Все были несказанно счастливы.

- Пойдем, постреляем, - подмигнула Васе Камилла, когда они встретились возле гостиницы Бо - Реваж в воскресенье, чтобы вместе позаниматься в библиотеке. Камилла пообещала «подтянуть» Васю по истории перед экзаменами, для чего помимо школьных конспектов, аккуратно составляемых Камиллой по каждой главе учебника,  понадобилось дополнительно полистать кое-что по пройденному материалу и из других источников. Вася же в свою очередь обещал позаниматься с Камиллой по алгебре – предмету, который давался Камилле с трудом, отчего однажды девушка окончательно потеряла  интерес к математике и успела изрядно ее запустить.

- А как же алгебра?

- А как же история? – в тон Васе с улыбкой спросила Камилла. Стрельнем всего-то пару раз – ведь это же по дороге. Вася смутился – у него не было денег, но Камилла, сразу заметив поменявшееся настроение товарища, взяла его за руку и весело проговорила:

- Брат балует меня. У него сегодня день рождения, -  она похлопала себя по карману. – Идем!.. – И повлекла Василия за собой.

Тир, в который ребята пришли, был расположен на улице Революции за газетным киоском. Народ толпился у стойки. Было воскресенье, и ребятам пришлось подождать своей очереди. Пожилой  хромой мужчина с длинными седыми волосами – Адам Иваныч, работник тира,  взглянул на Камиллу и кивнул ей как старой знакомой. Он подал Васе ружье. Вася стрелял первым.  Еле заметная точка мишени выскакивала вдалеке на короткое мгновение и исчезала. Хуже всего было то, что руки у Васи от волнения перед девушкой перестали слушаться, и он, чтобы не выдать этого,  крепко сжал винтовку  и поспешил нажать на курок.
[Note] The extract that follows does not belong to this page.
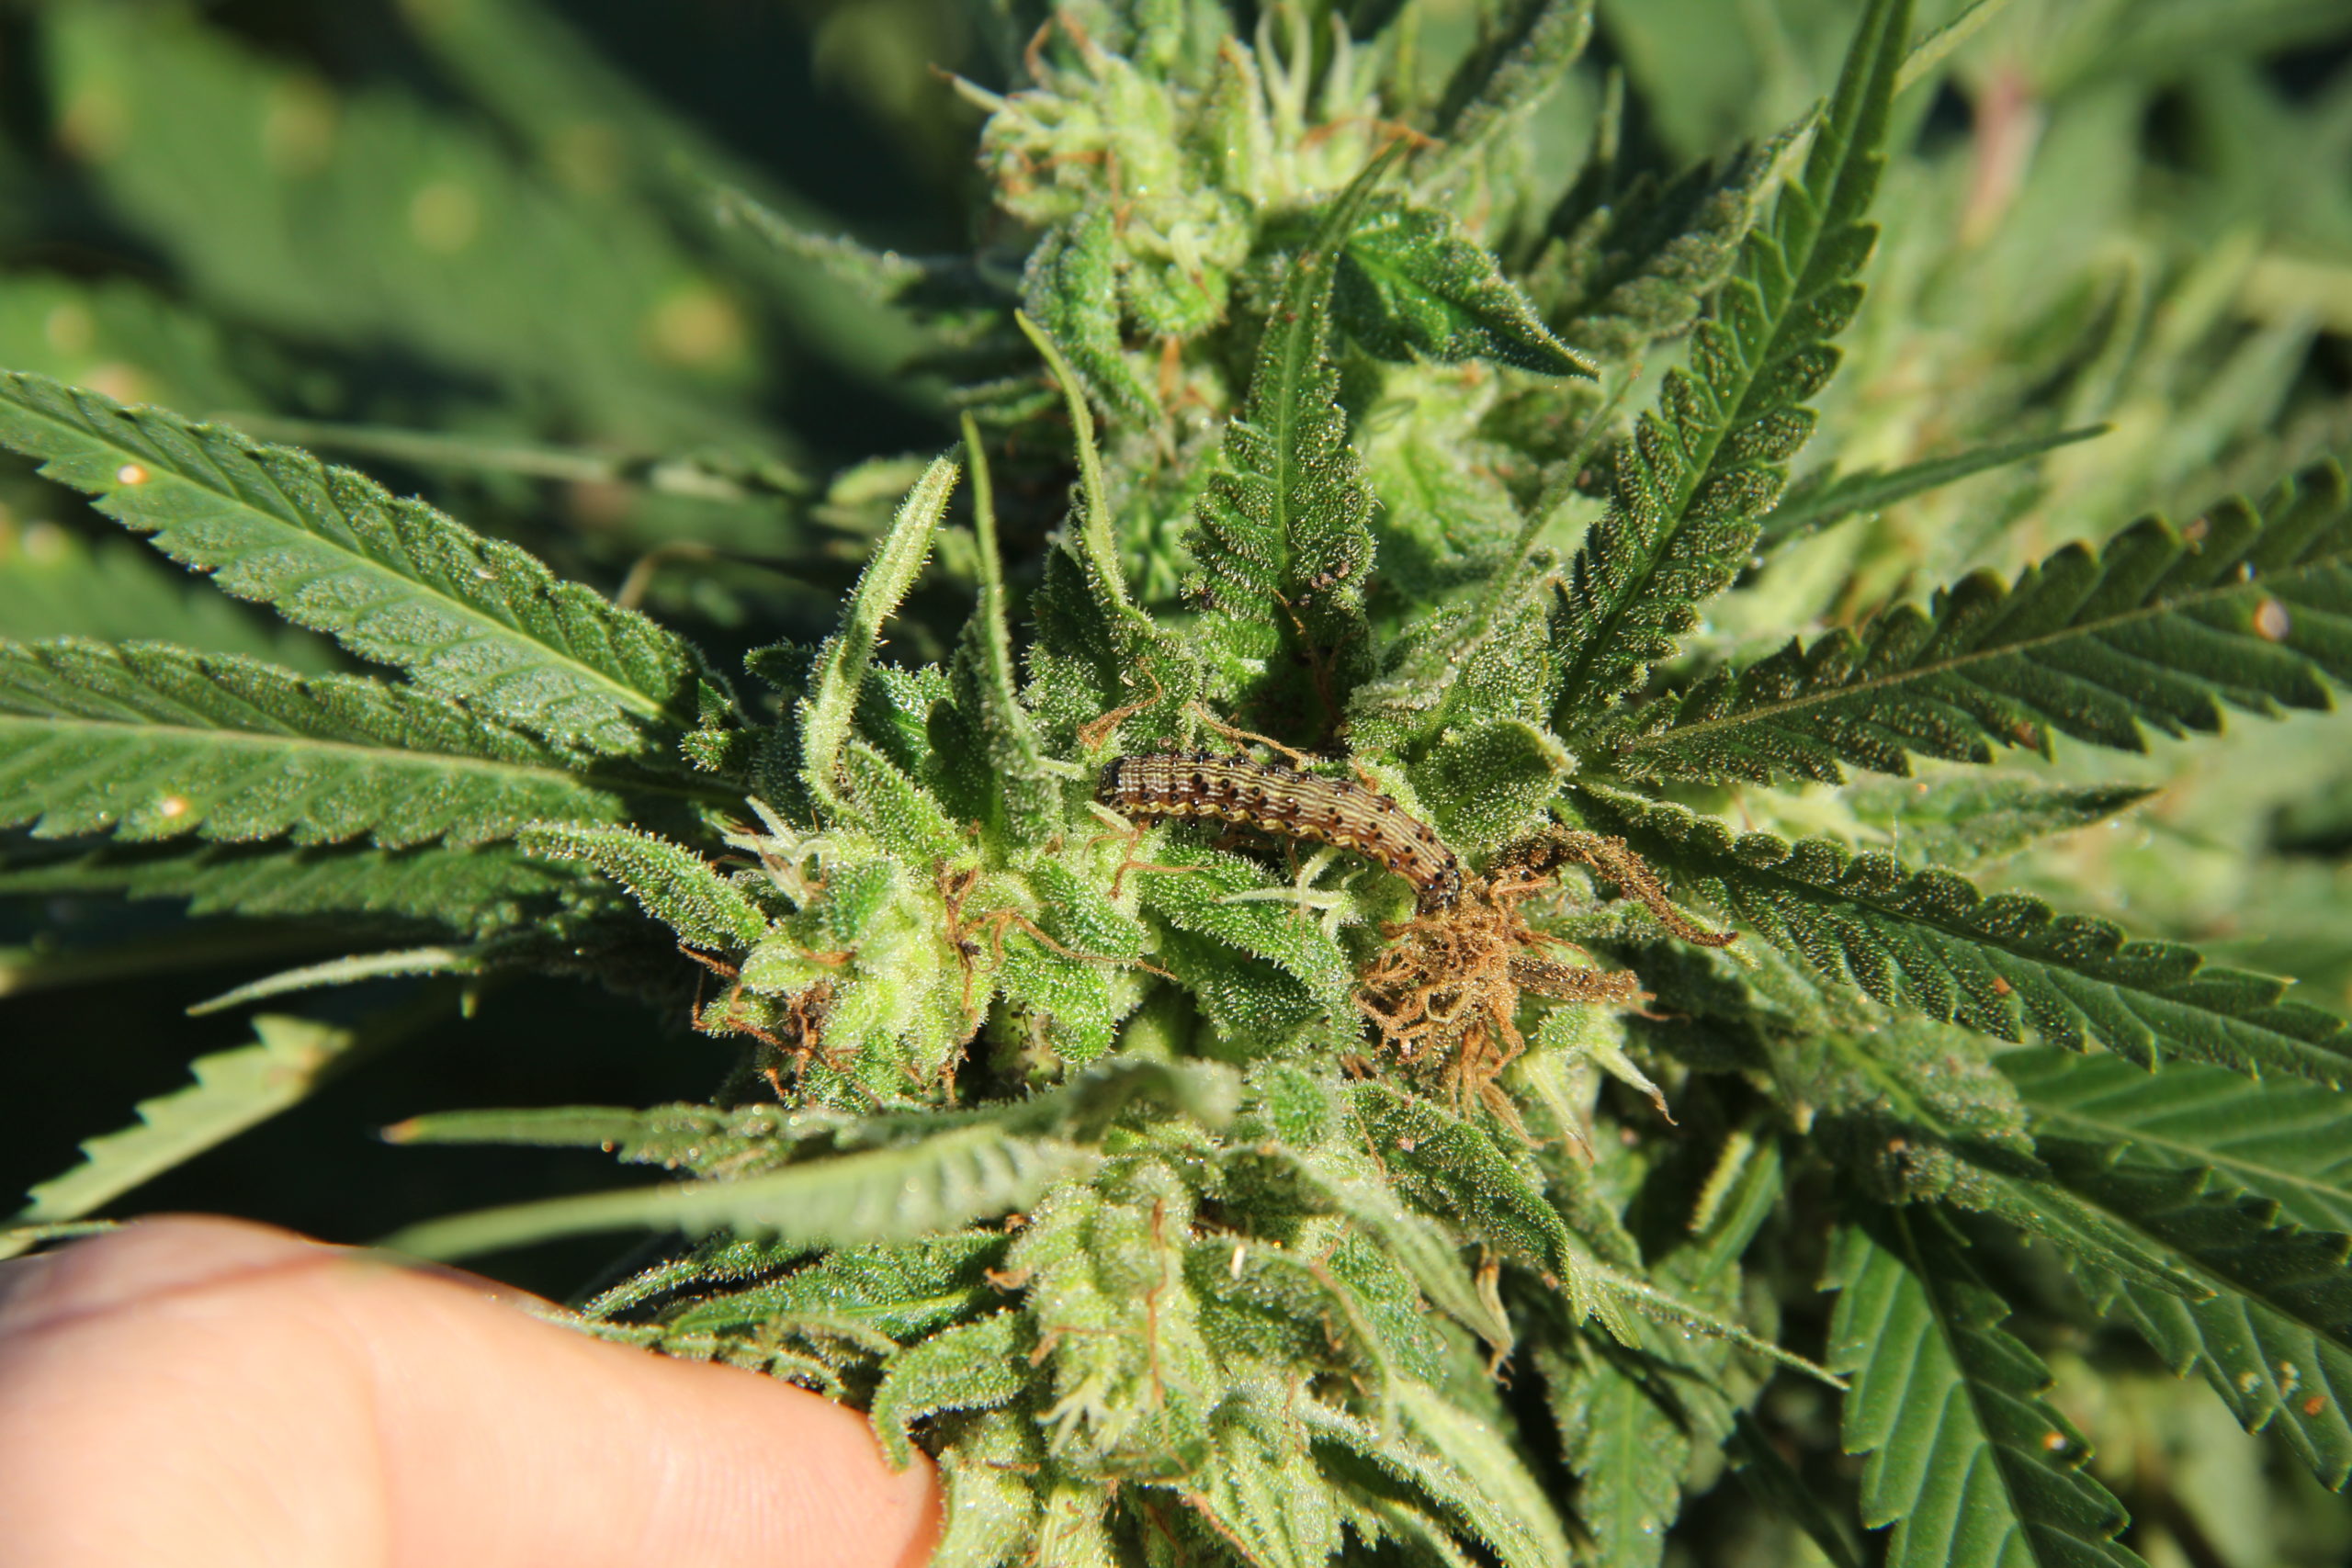 Image of a corn earworm on a cannabinoid hemp plant

Из десяти выстрелов удачными оказались четыре.

- Неплохо для начала, – улыбнулся  старик и протянул винтовку Камилле. Он поставил ей  выскакивающую головную мишень, в которую она  должна была трижды  выпустить по пяти патронов. Девушка ловко вскинула ружье, прищурилась и замерла.
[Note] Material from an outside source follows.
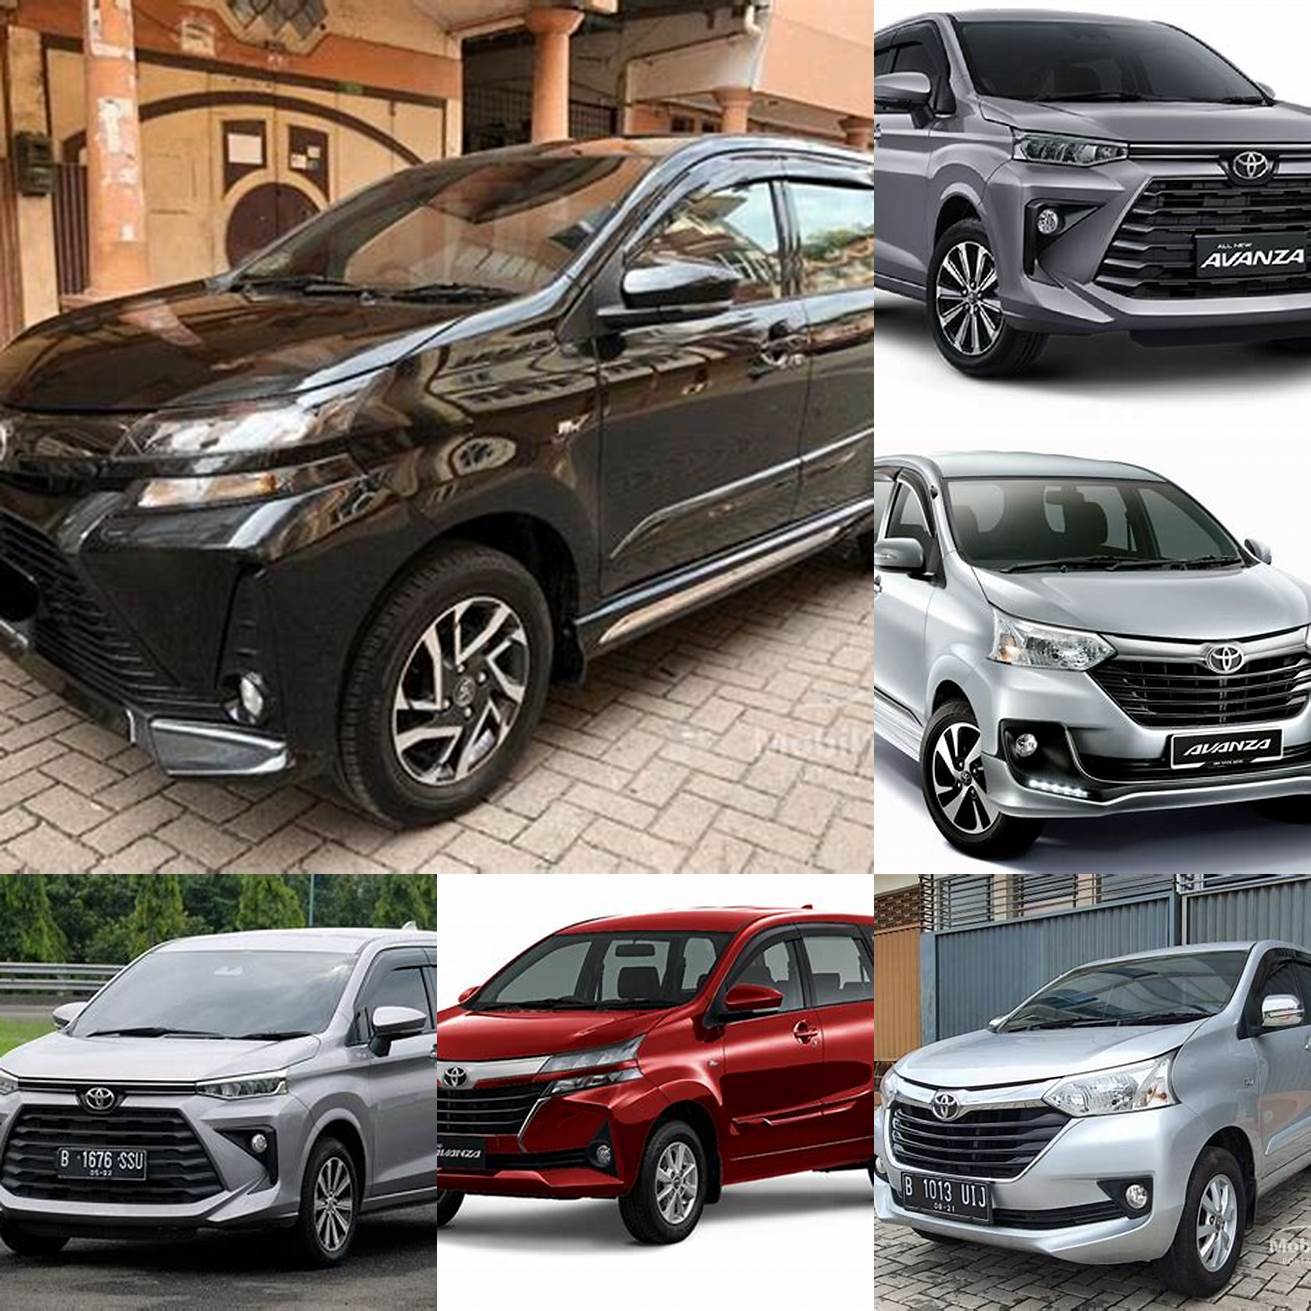 Harga mobil Toyota Avanza di Jakarta Rp 170 juta - Rp 240 juta

Когда в стенах тира затих отгул последнего выстрела, ребята пошли к мишени. Вася присел на корточки и стал считать пробоины.  Пятнадцать пуль легли под козырек намазанной на фанере каски в кружок диаметром не более пяти сантиметров. Некоторые пули влезали одна в другую.
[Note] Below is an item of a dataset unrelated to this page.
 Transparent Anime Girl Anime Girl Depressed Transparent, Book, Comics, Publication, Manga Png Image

Вася был потрясен. Никак  не ожидал он увидеть хрупкую и нежную Камиллу в столь необычной роли. Вася знал, что она мечтает выучиться на архитектора, чтобы в будущем строить красивые дома, санатории, Дворцы пионеров и стадионы. Для девушки, как ему представлялось, важнее знать каноны Витрувия и Палладия, чем попадать из винтовки в размалеванный кусок фанеры.  Когда они вышли из тира, он осторожно спросил у девушки, где она так ловко научилась стрелять, на что Камилла небрежно ответила:

- Брат с раннего детства брал с собой в тир. У меня ведь сестер нет – братья, мужское общество. Спартанское воспитание. Рустам серьезно готовился к службе в армии. Там ему эти навыки  пригодились. Я училась у него, изучала вместе с ним «прицелы простые и оптические», «деривации, троектории, влияние на полет пули атмосферных и температурных условий» и прочие баллистические премудрости. Да и это (она прикоснулась к значку «Ворошиловский стрелок» на своей блузке) к чему-то обязывает. – Камилла с минуту помолчала, затем повернула к Васе серьезное лицо:

- Неспокойно на наших границах, Василек. Гитлер не остановится, пока не захватит всю Европу. А нам деваться больше некуда, как только поджидать  такого зубастого зверя во всеоружии, чтобы задать ему «перцу», если сунется. Я твердо решила для себя: пойду в военное училище. Туда девушек берут – я узнавала. Хочу выучиться на связиста. А навыки стрелять не помешают!..

- А как же архитектурный? – спросил девушку Вася.

- Ты газеты читаешь? – вопросом на вопрос ответила Камилла.

Домой Вася возвращался  мимо школы уже в сумерках. Откуда-то со стороны стадиона он услышал шум, детский прерывающийся плач и грубый требовательный мужской голос, переходящий на крик и брань. Вася свернул с дороги на школьный двор, перепрыгнул через ограду из подстриженных кустов, раздвинул ветки сирени, дико разросшейся возле футбольного поля. У стены примыкающего к стадиону здания он увидел плачущего парнишку лет восьми, а рядом с ним разъяренного Пашку, который хватал мальчика за руки, больно крутил ему ухо и время от времени тряс  за плечи, выкрикивая бранные слова. Парнишка в чем-то оправдывался перед обидчиком, всхлипывая и заикаясь, но тот не слушал и продолжал трясти мальчика. В одну секунду Вася предстал перед Пашкой:

- Не тронь пацана! – Он отцепил Пашкины руки от плачущего мальчишки, и тот, воспользовавшись благоприятной ситуацией, вывернулся из рук Пашки и дал стречка.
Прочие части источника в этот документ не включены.